(Data segment):
____

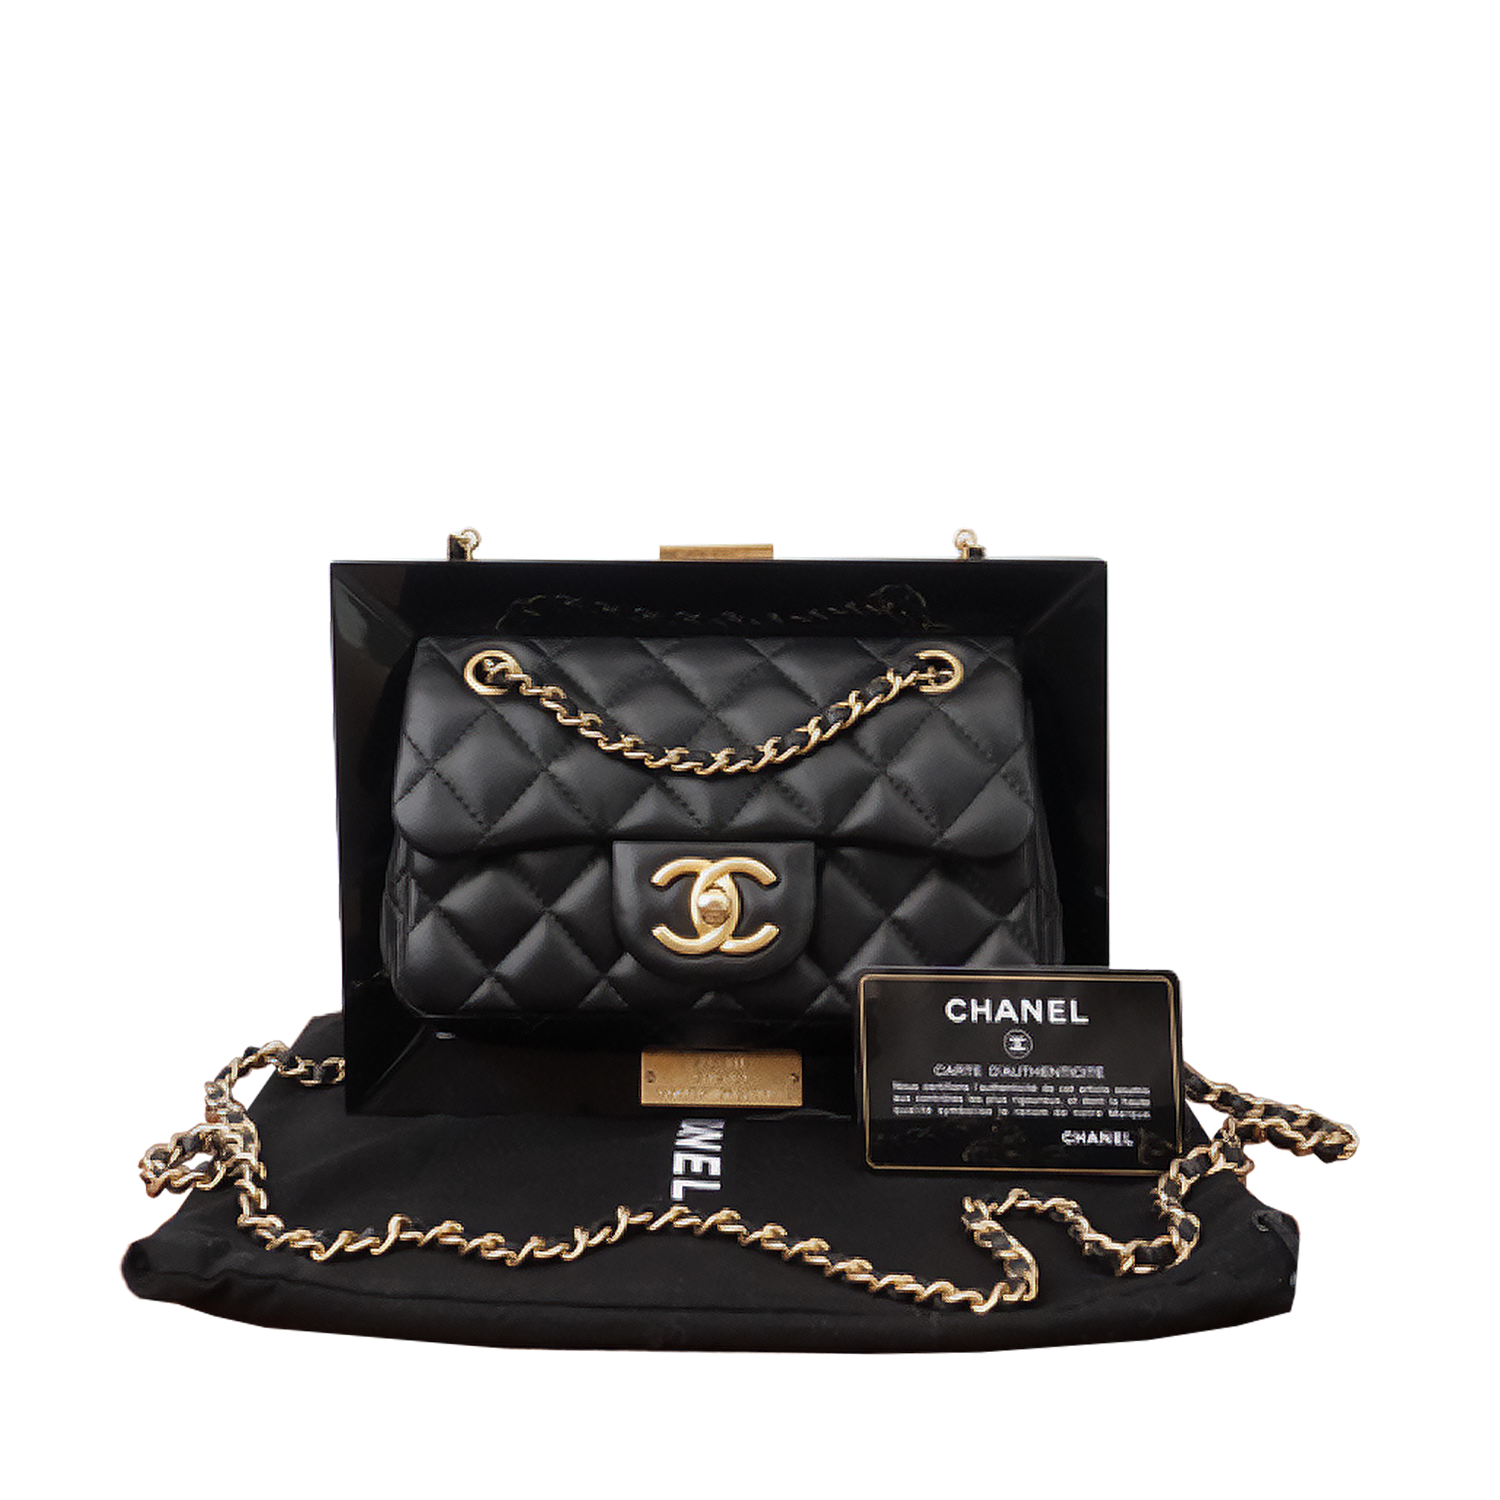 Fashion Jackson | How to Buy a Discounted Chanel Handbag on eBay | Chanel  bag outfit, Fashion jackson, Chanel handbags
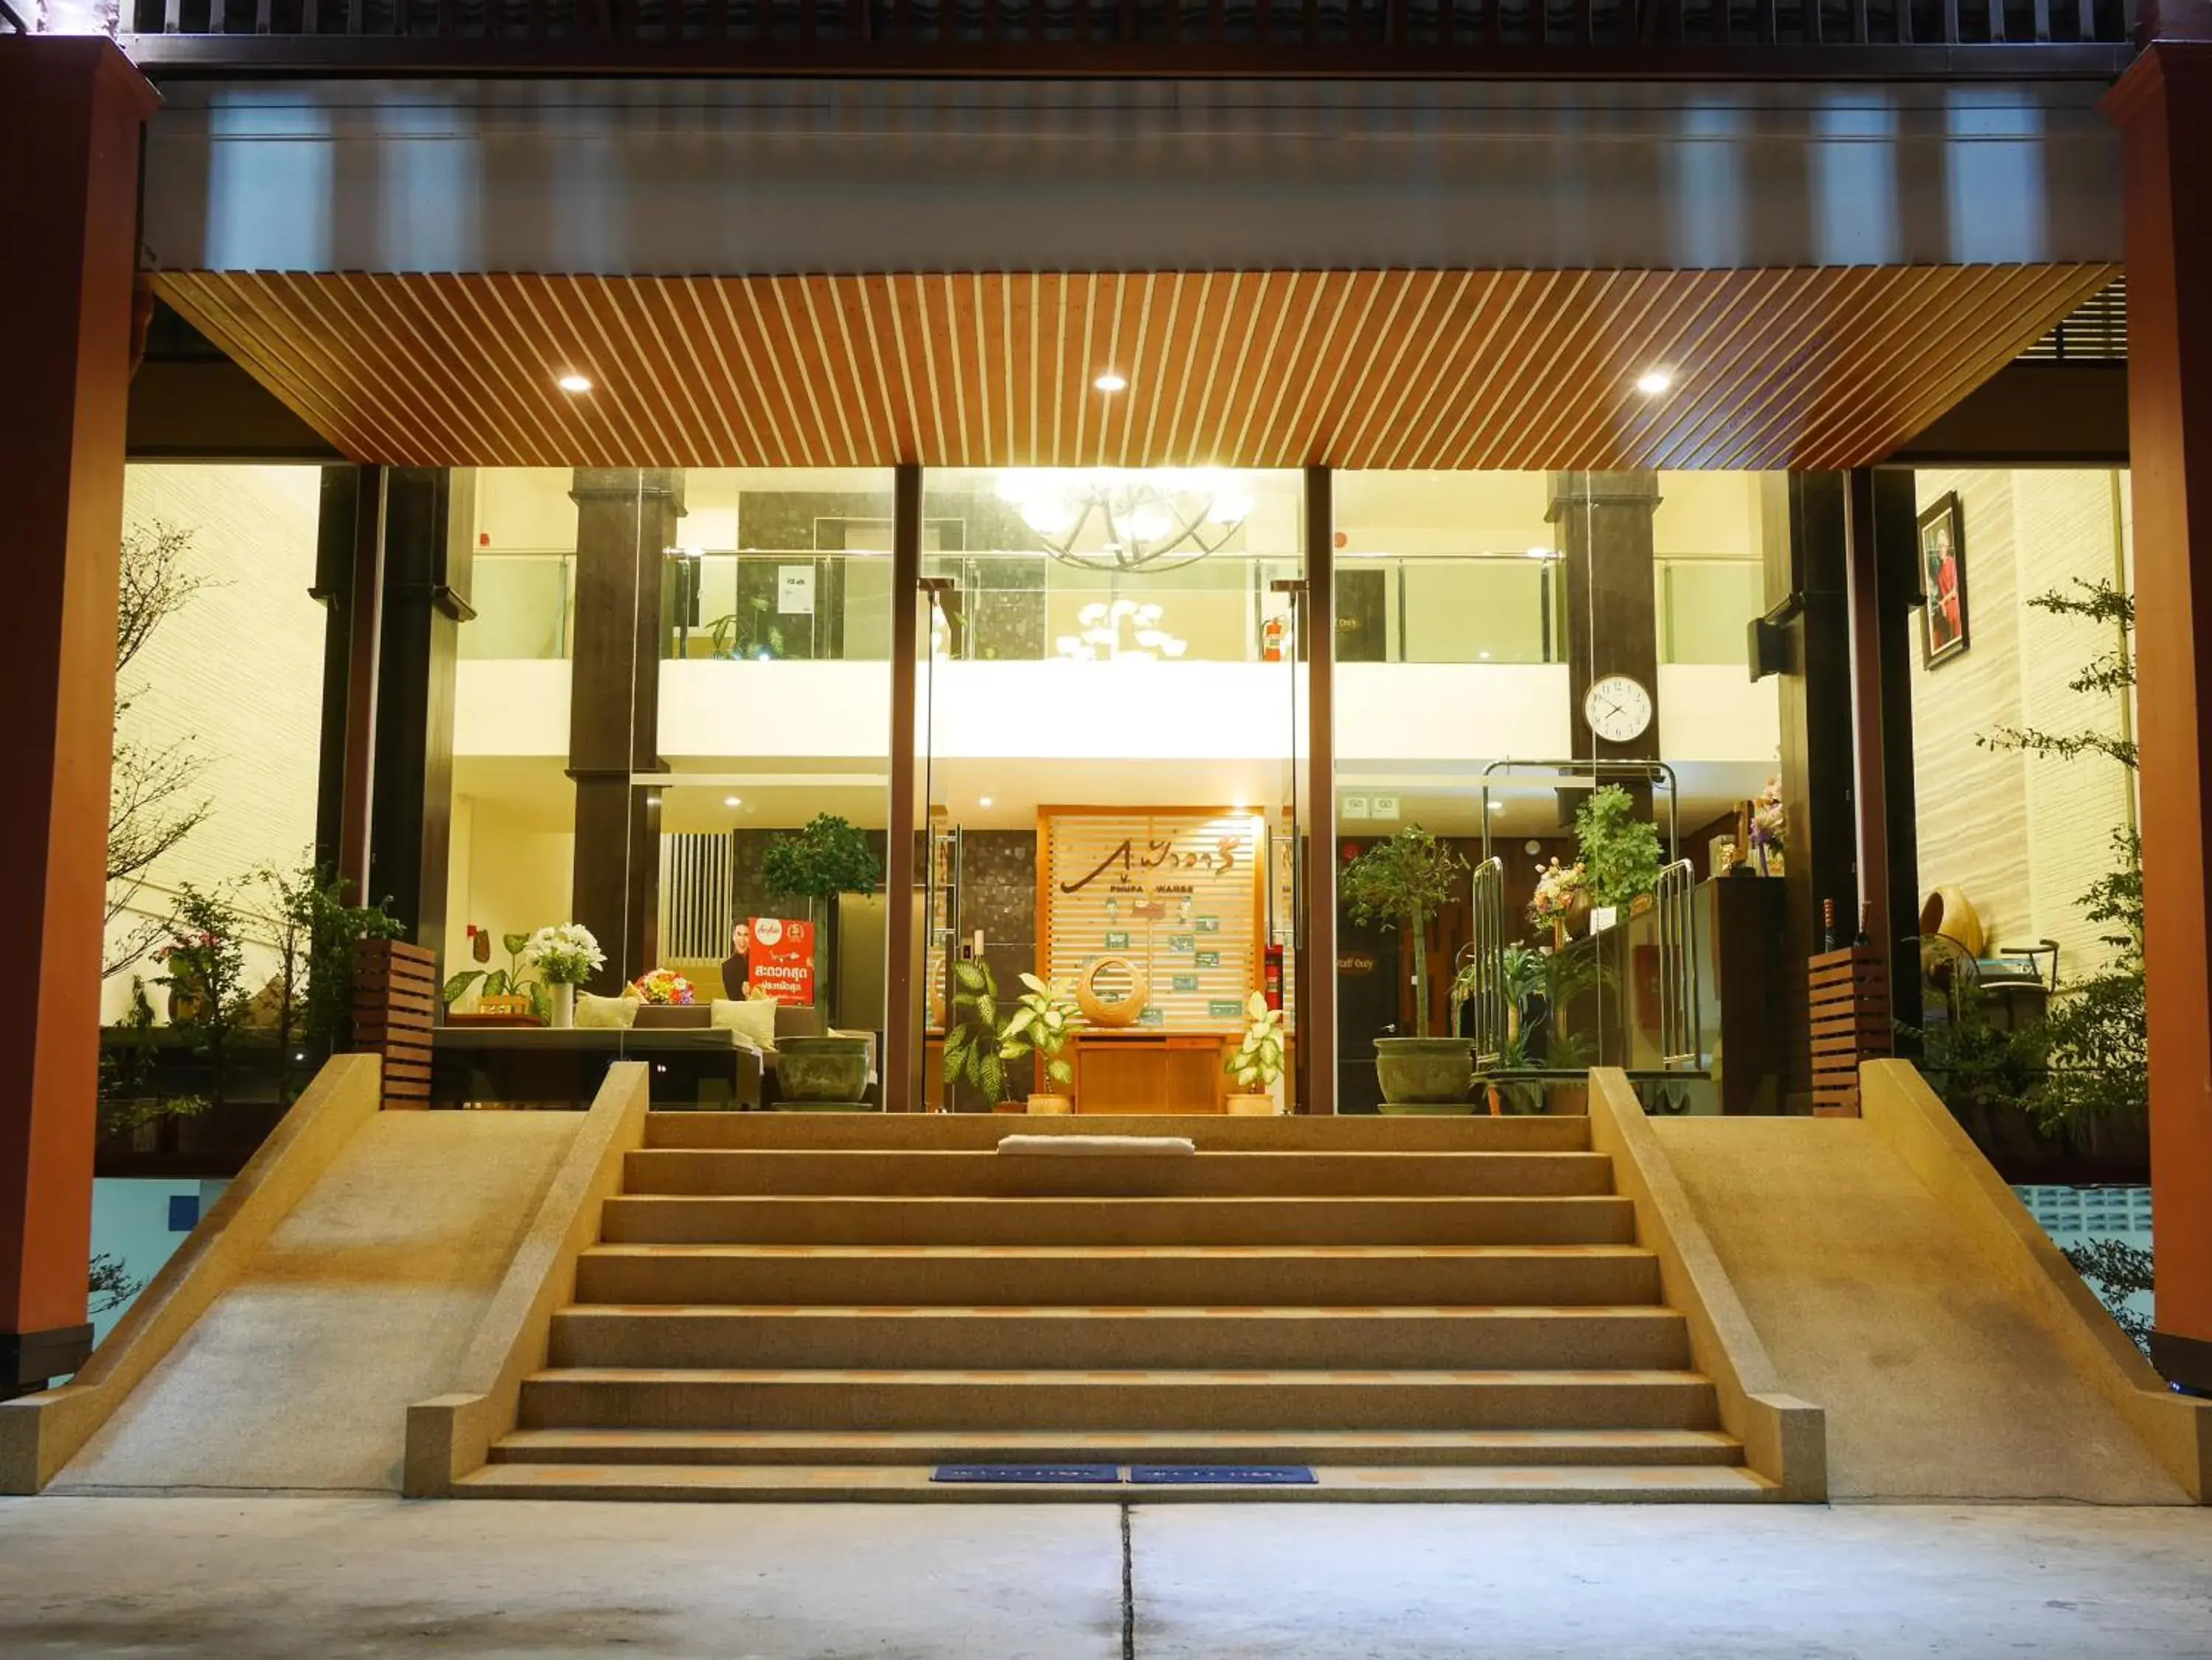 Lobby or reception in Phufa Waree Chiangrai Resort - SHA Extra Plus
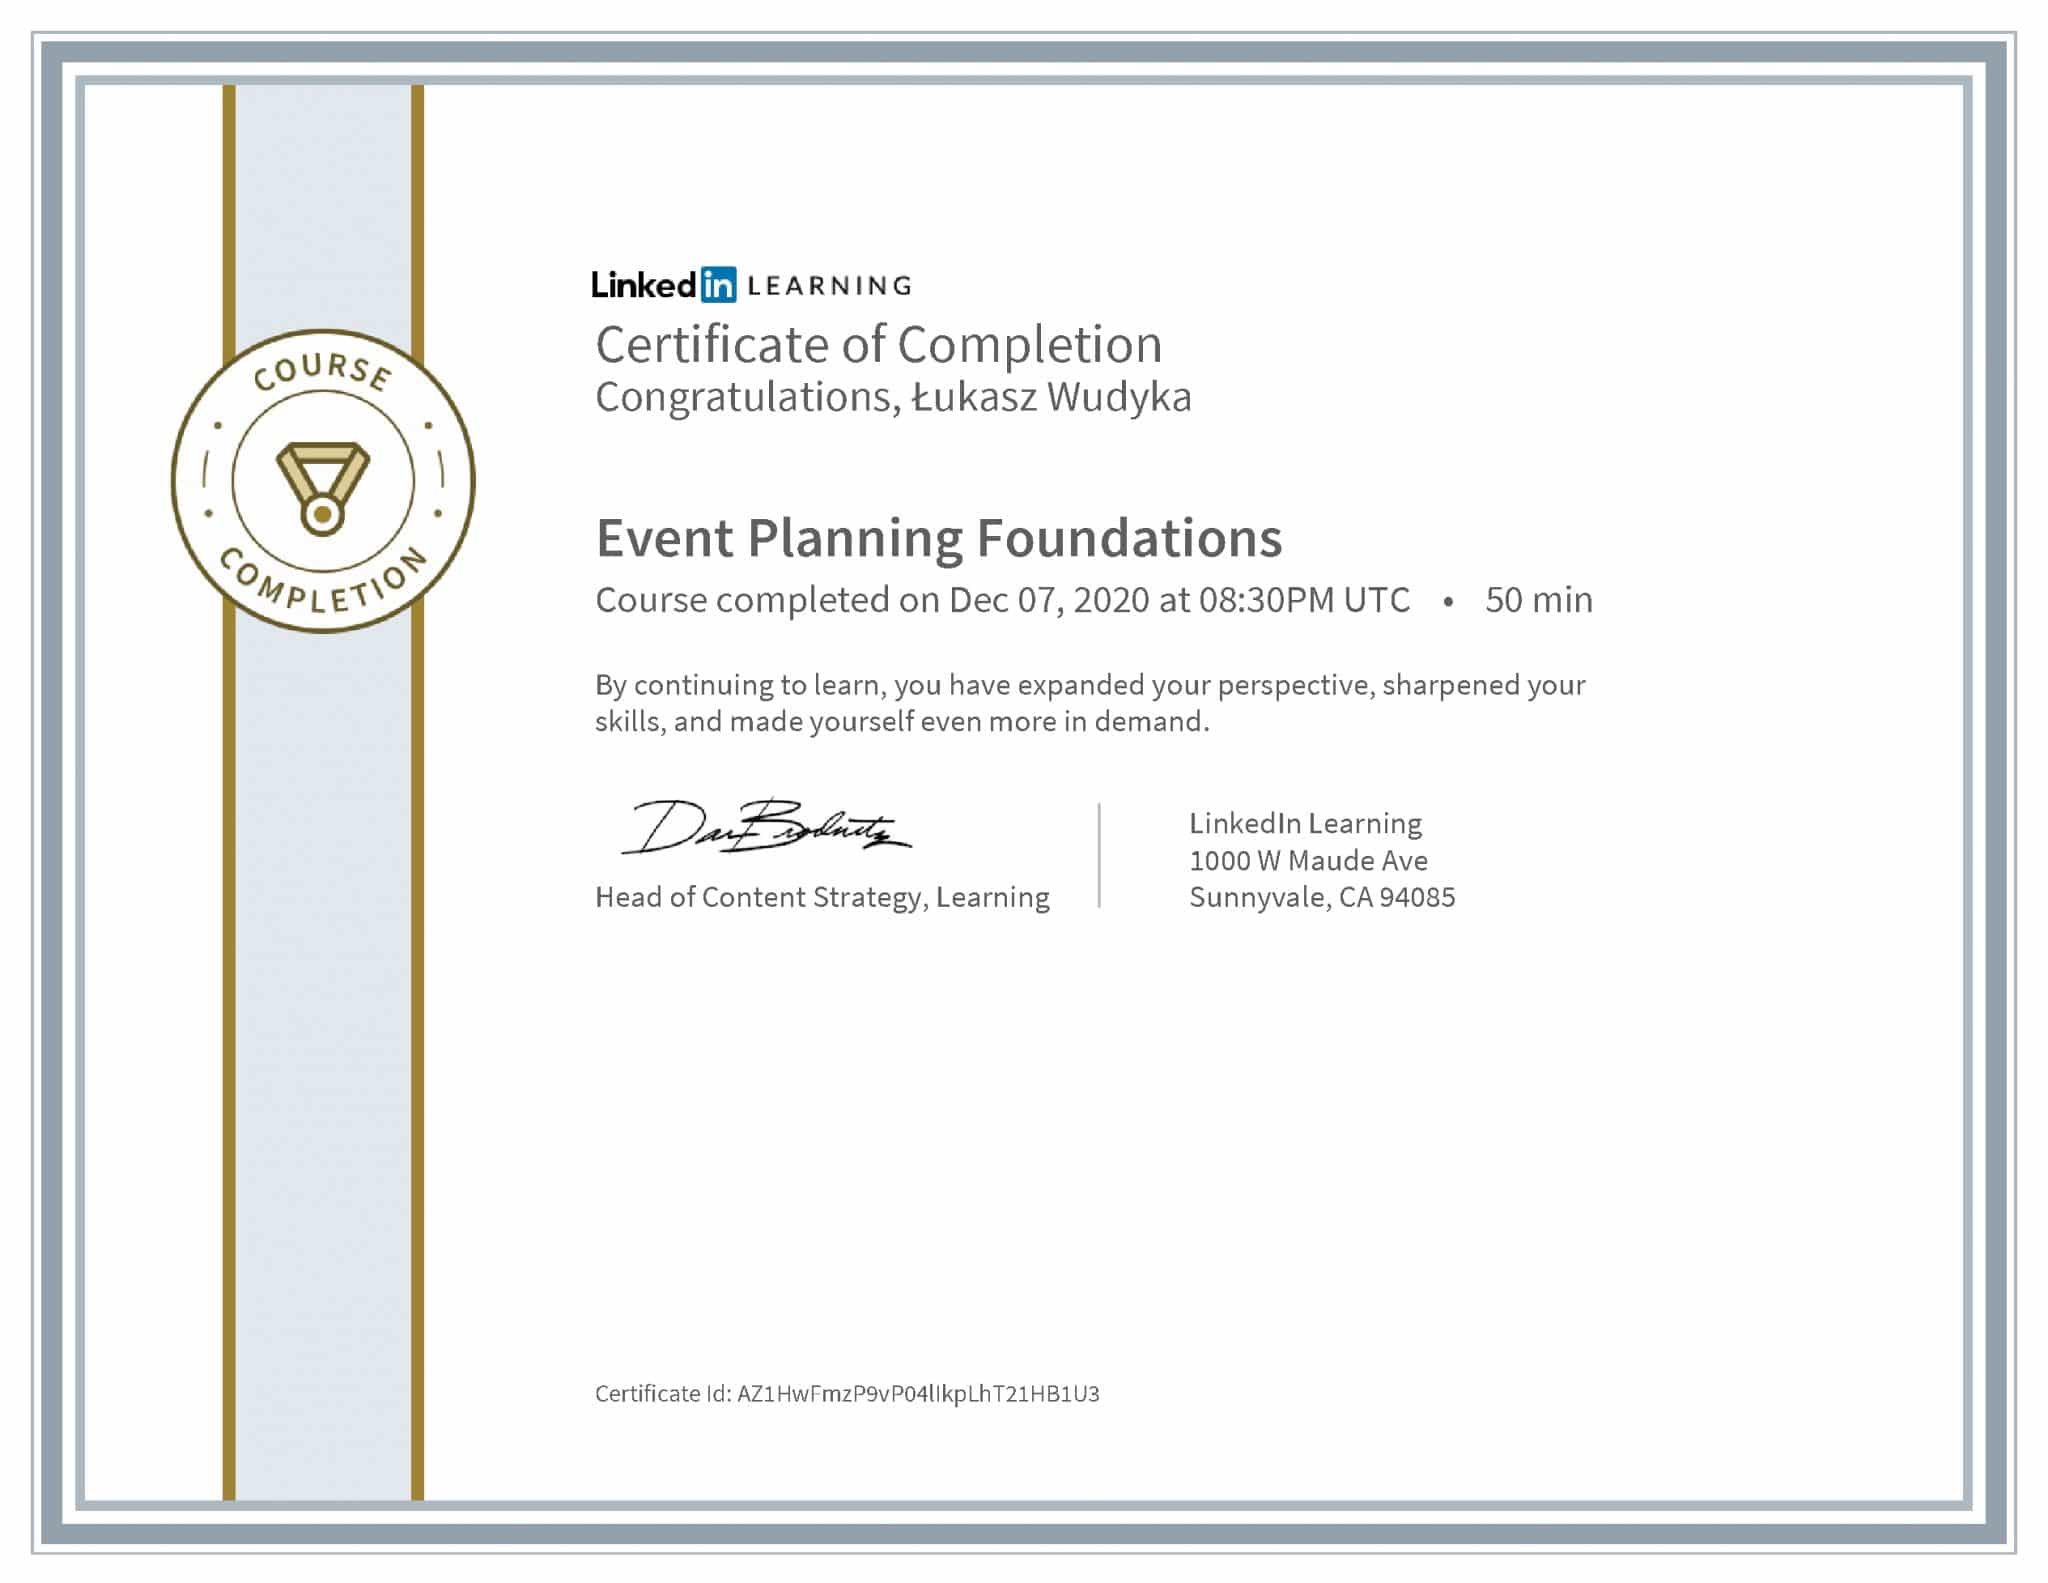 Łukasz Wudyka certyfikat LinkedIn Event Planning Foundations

____

(Exercise aim): Please write out all the data again word for word, but not the pictures.

(Response):
 Fashion Jackson | How to Buy a Discounted Chanel Handbag on eBay | Chanel  bag outfit, Fashion jackson, Chanel handbags
 Lobby or reception in Phufa Waree Chiangrai Resort - SHA Extra Plus
 Łukasz Wudyka certyfikat LinkedIn Event Planning Foundations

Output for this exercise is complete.